• [What is being asked]: Only the pictures are to be dropped; return all other data below exactly.

:: Data block

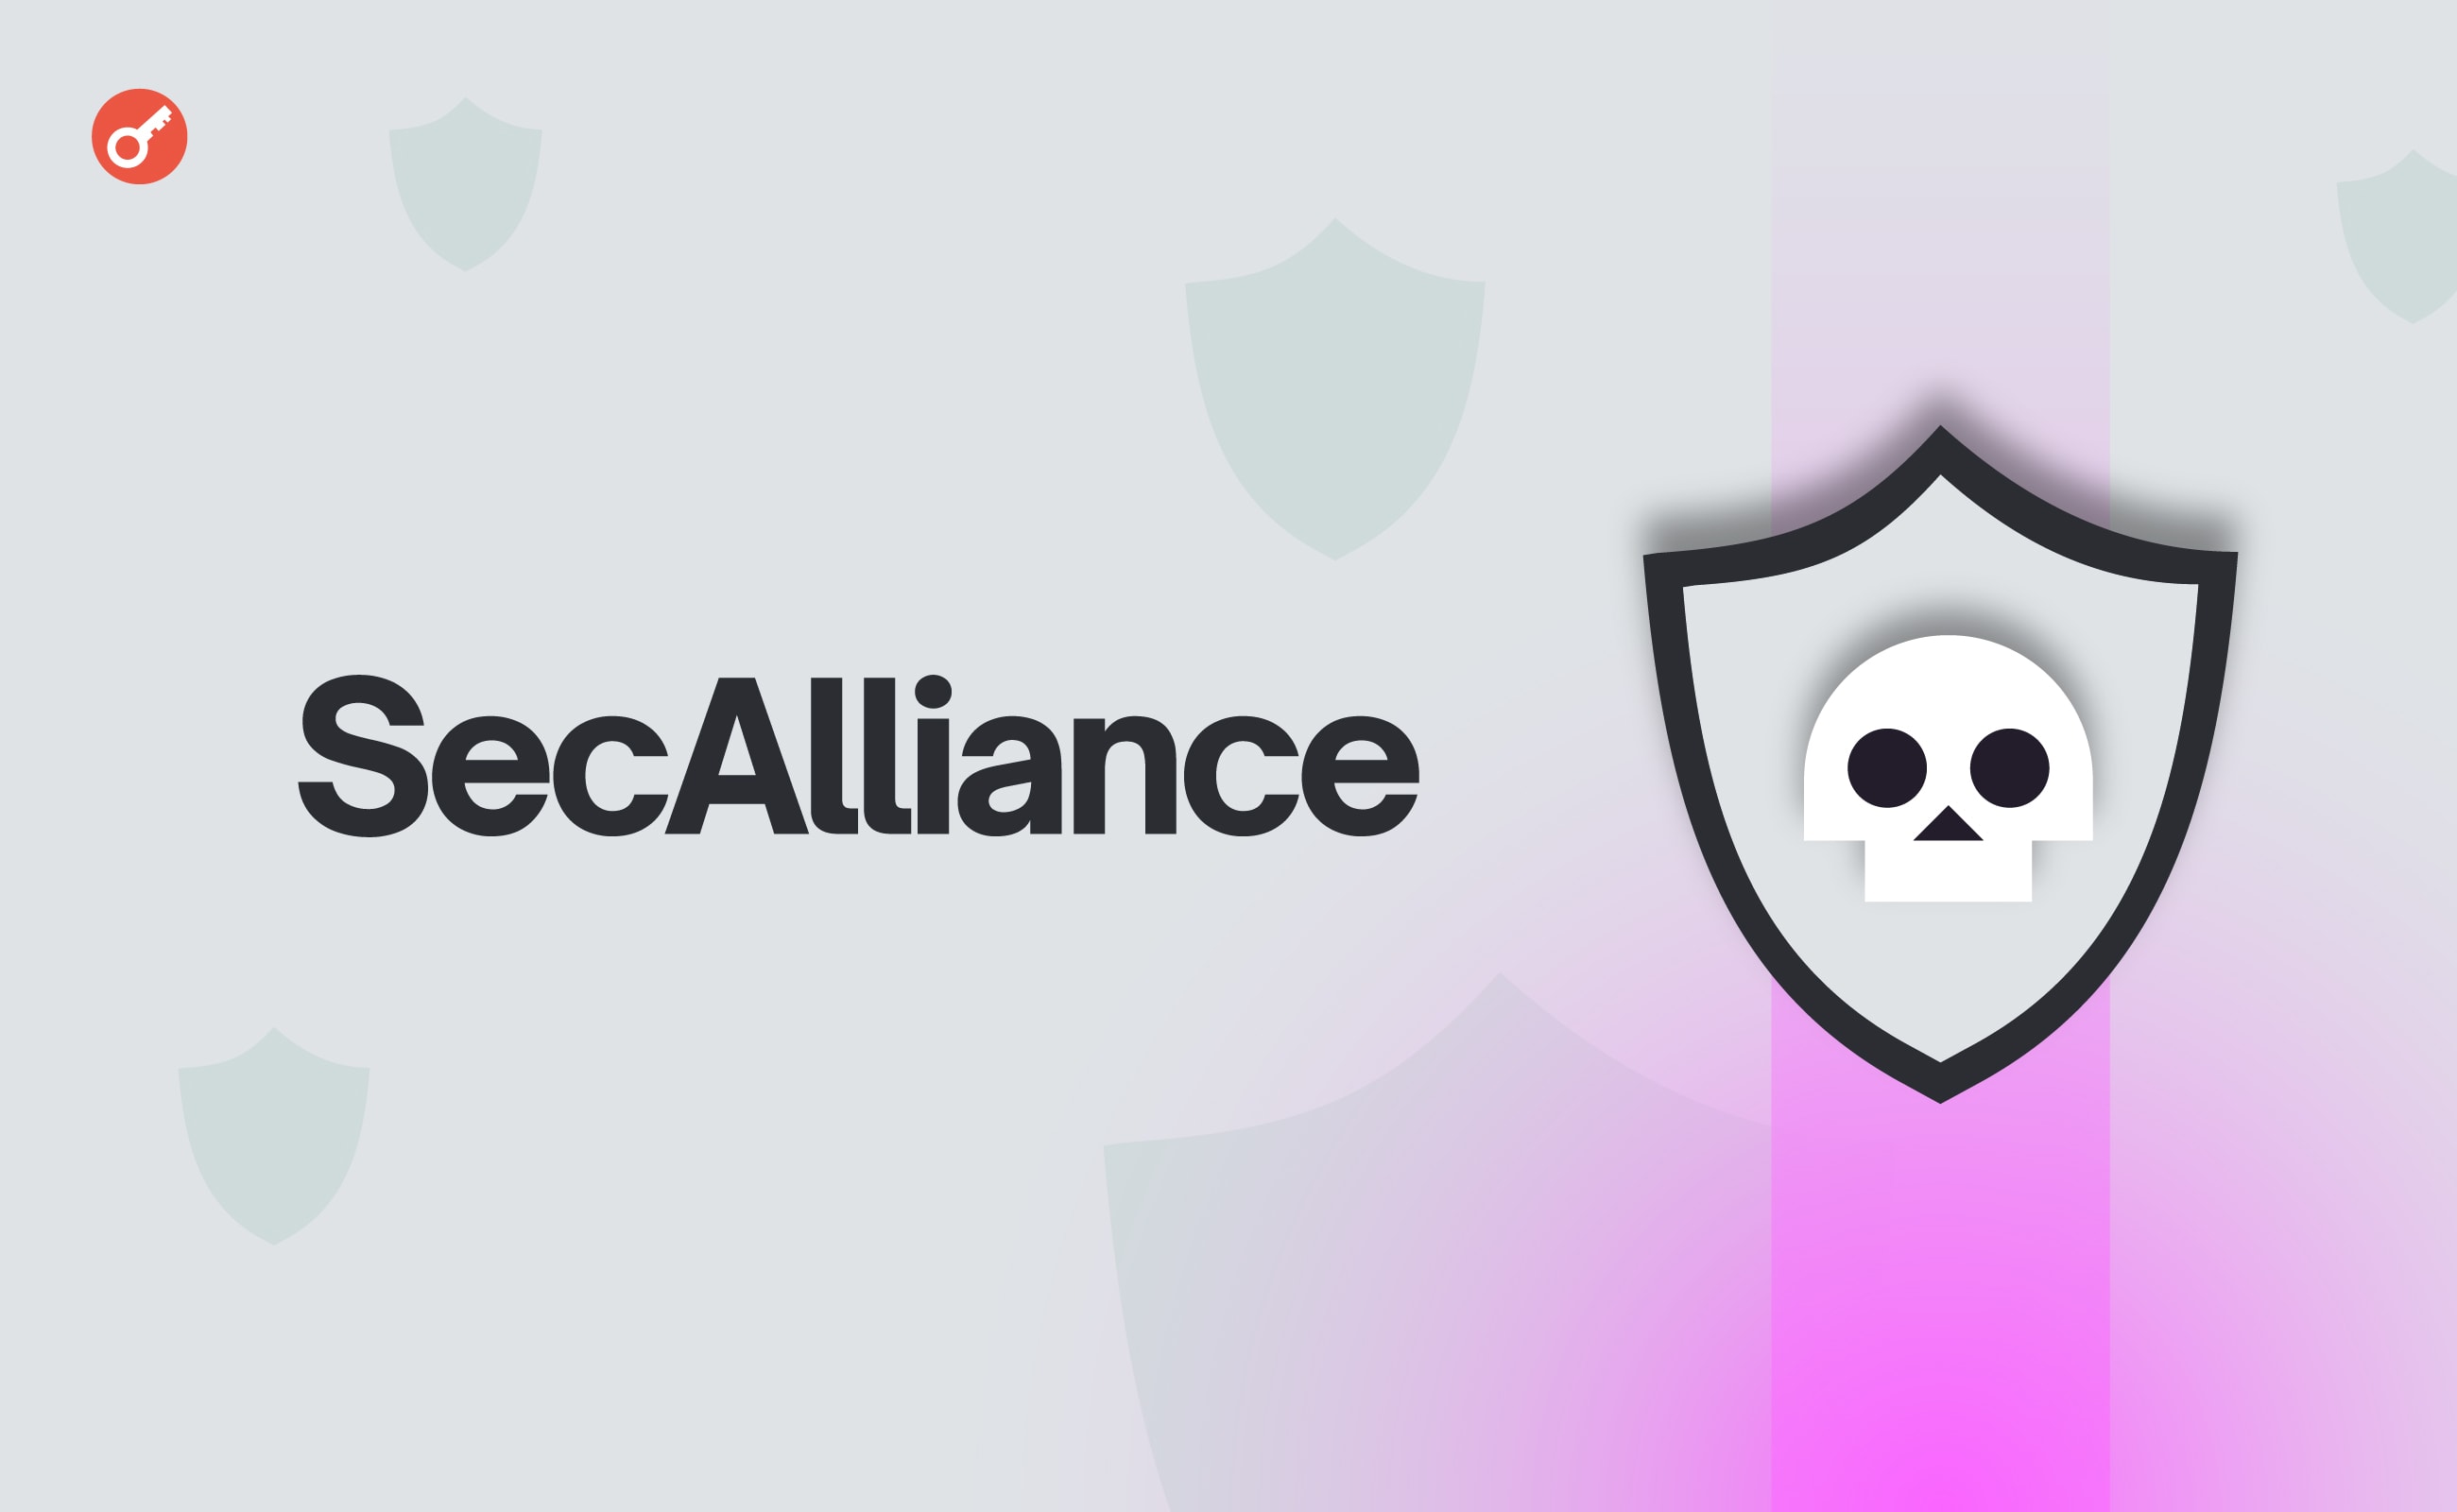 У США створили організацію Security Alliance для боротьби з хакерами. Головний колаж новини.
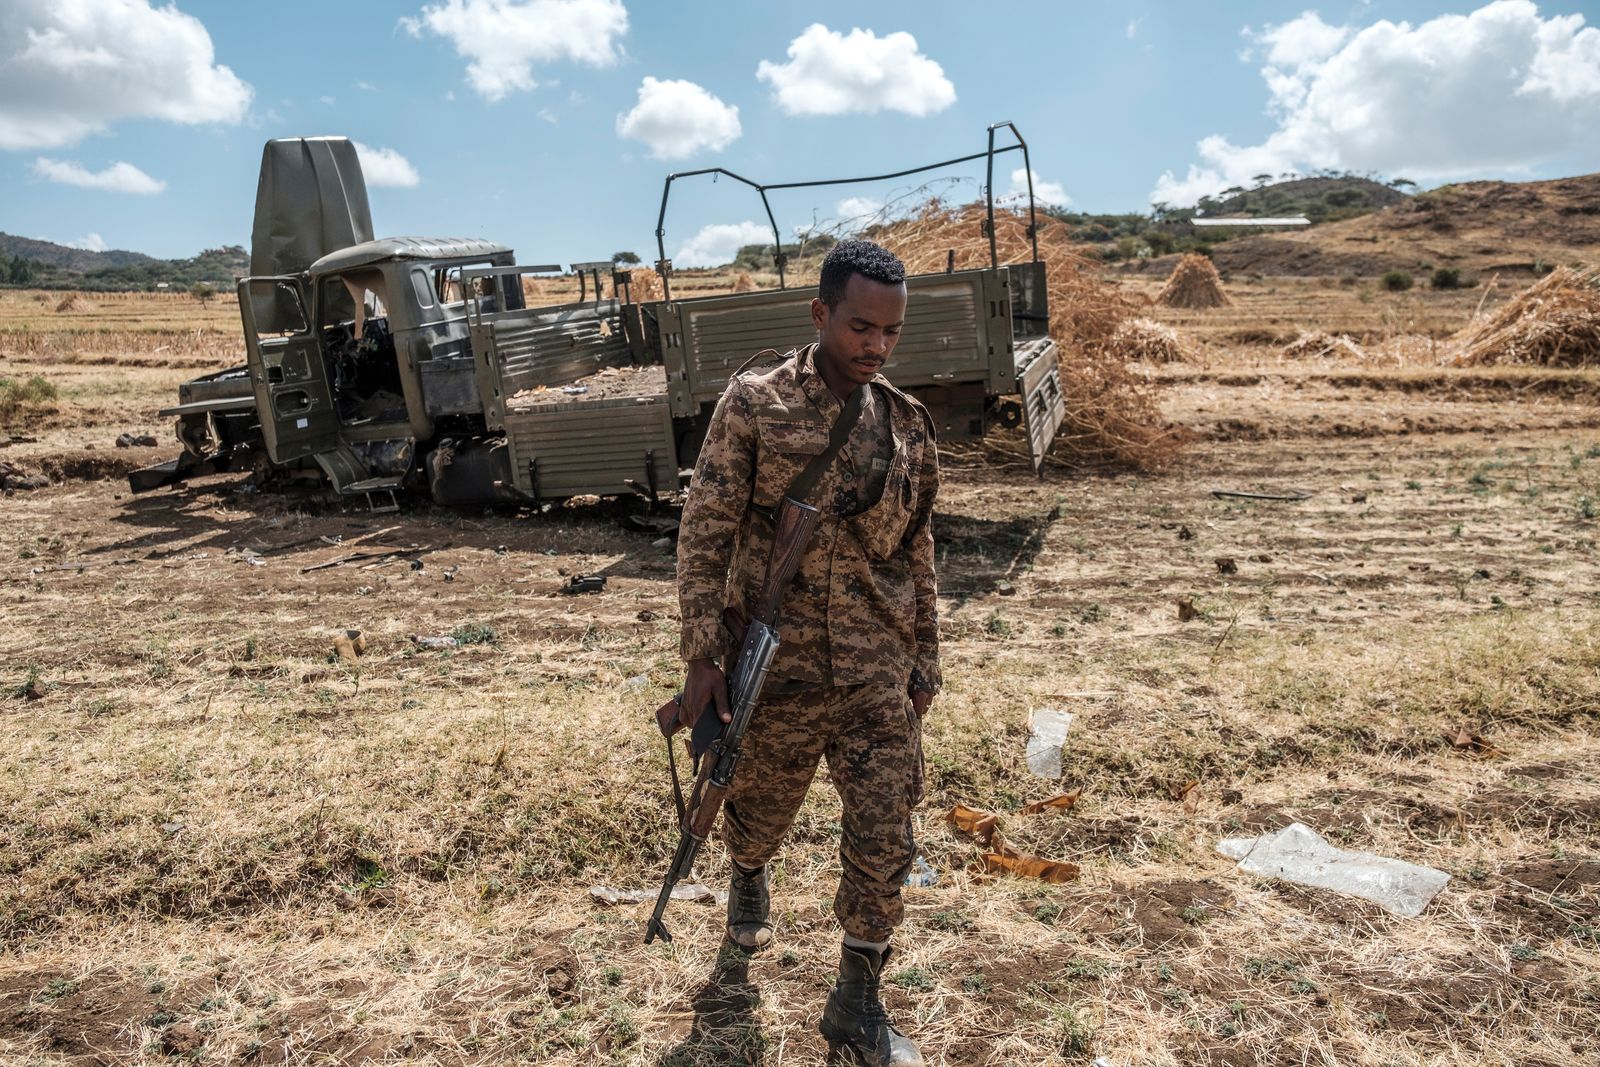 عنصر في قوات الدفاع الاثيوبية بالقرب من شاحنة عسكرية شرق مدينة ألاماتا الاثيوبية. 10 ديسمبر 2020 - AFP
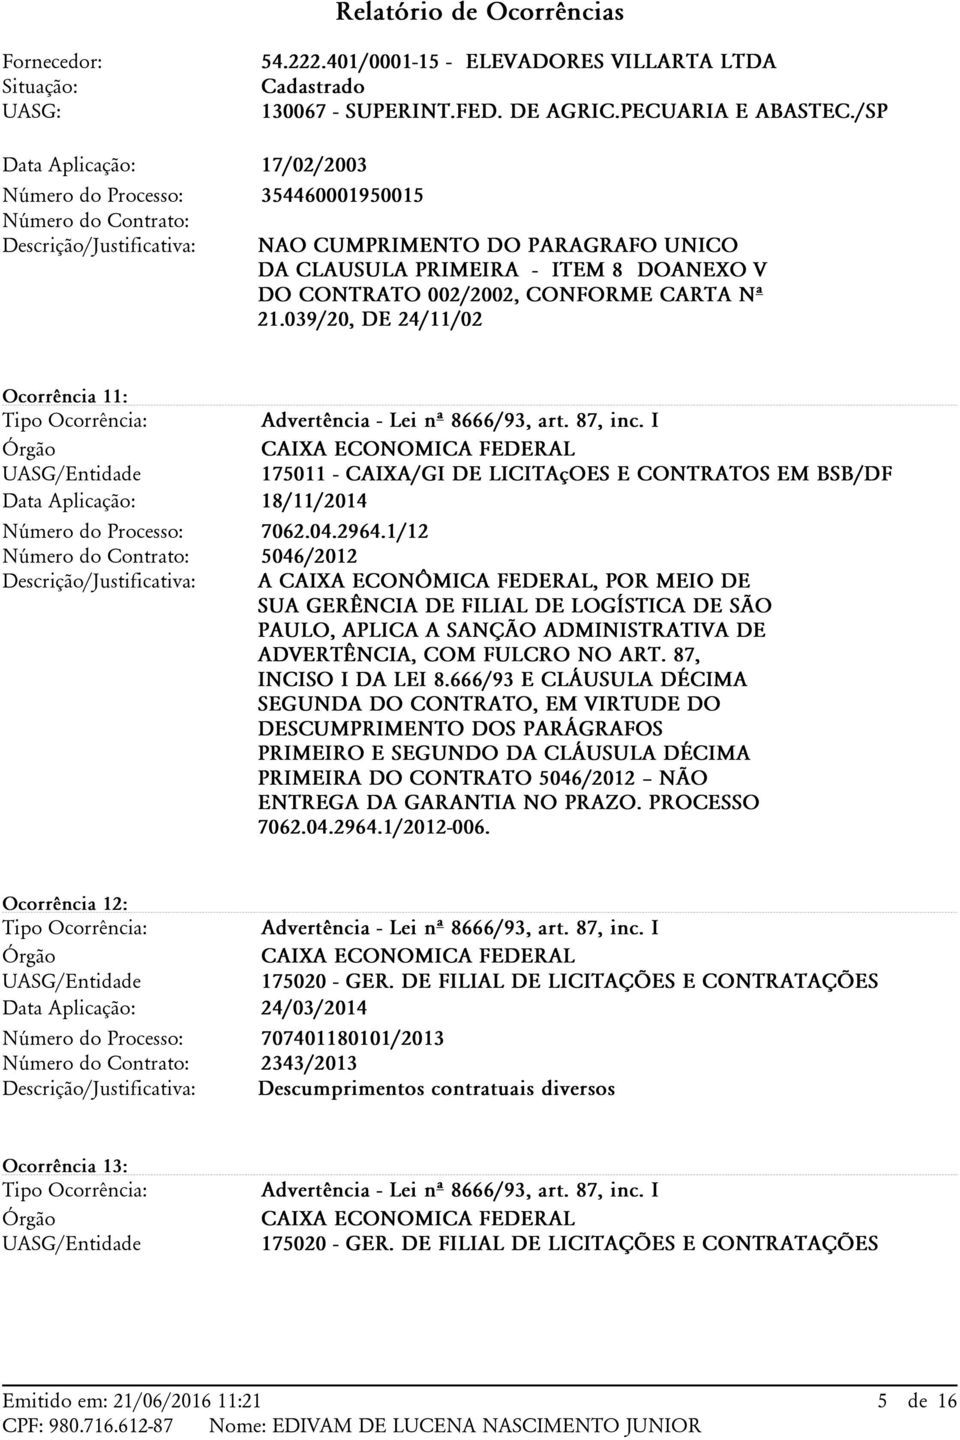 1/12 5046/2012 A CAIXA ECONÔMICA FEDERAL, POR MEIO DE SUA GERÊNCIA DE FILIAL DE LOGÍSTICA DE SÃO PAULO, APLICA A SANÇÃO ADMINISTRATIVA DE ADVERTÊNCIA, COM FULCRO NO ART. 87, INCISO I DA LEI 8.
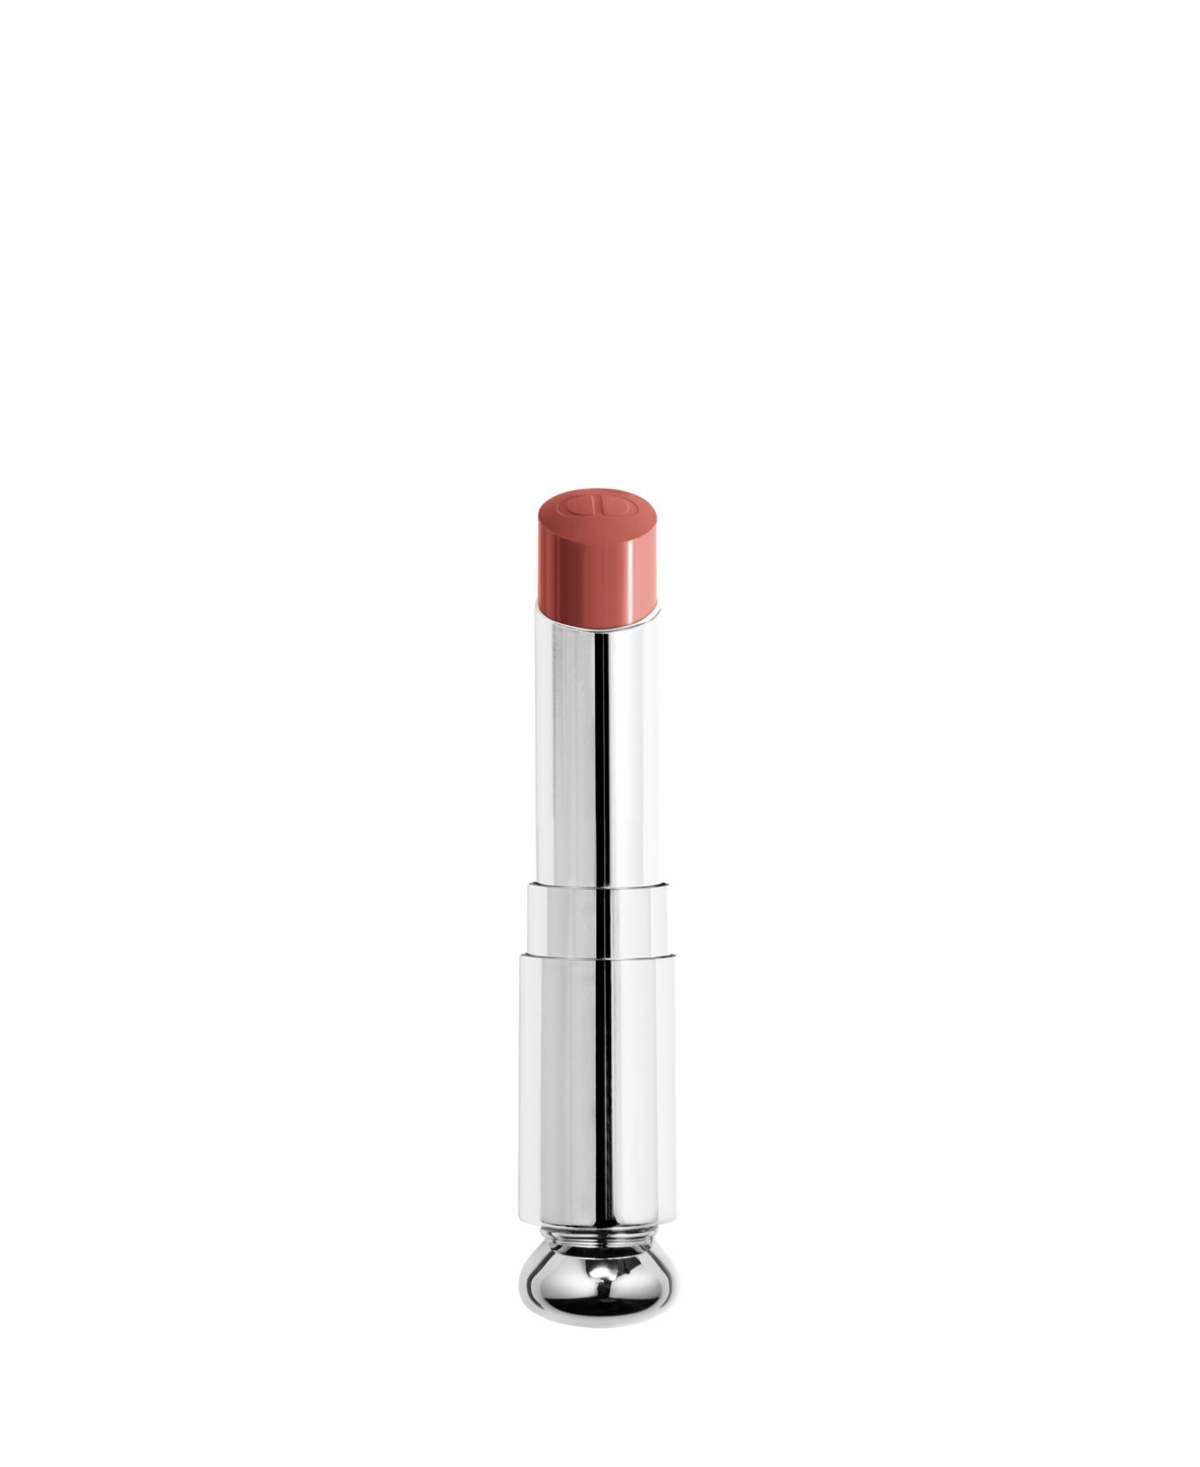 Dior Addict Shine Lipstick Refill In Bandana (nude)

::::

• [Solved problem]:
 У США створили організацію Security Alliance для боротьби з хакерами. Головний колаж новини.
 عنصر في قوات الدفاع الاثيوبية بالقرب من شاحنة عسكرية شرق مدينة ألاماتا الاثيوبية. 10 ديسمبر 2020 - AFP
 1/12 5046/2012 A CAIXA ECONÔMICA FEDERAL, POR MEIO DE SUA GERÊNCIA DE FILIAL DE LOGÍSTICA DE SÃO PAULO, APLICA A SANÇÃO ADMINISTRATIVA DE ADVERTÊNCIA, COM FULCRO NO ART. 87, INCISO I DA LEI 8.
 Dior Addict Shine Lipstick Refill In Bandana (nude)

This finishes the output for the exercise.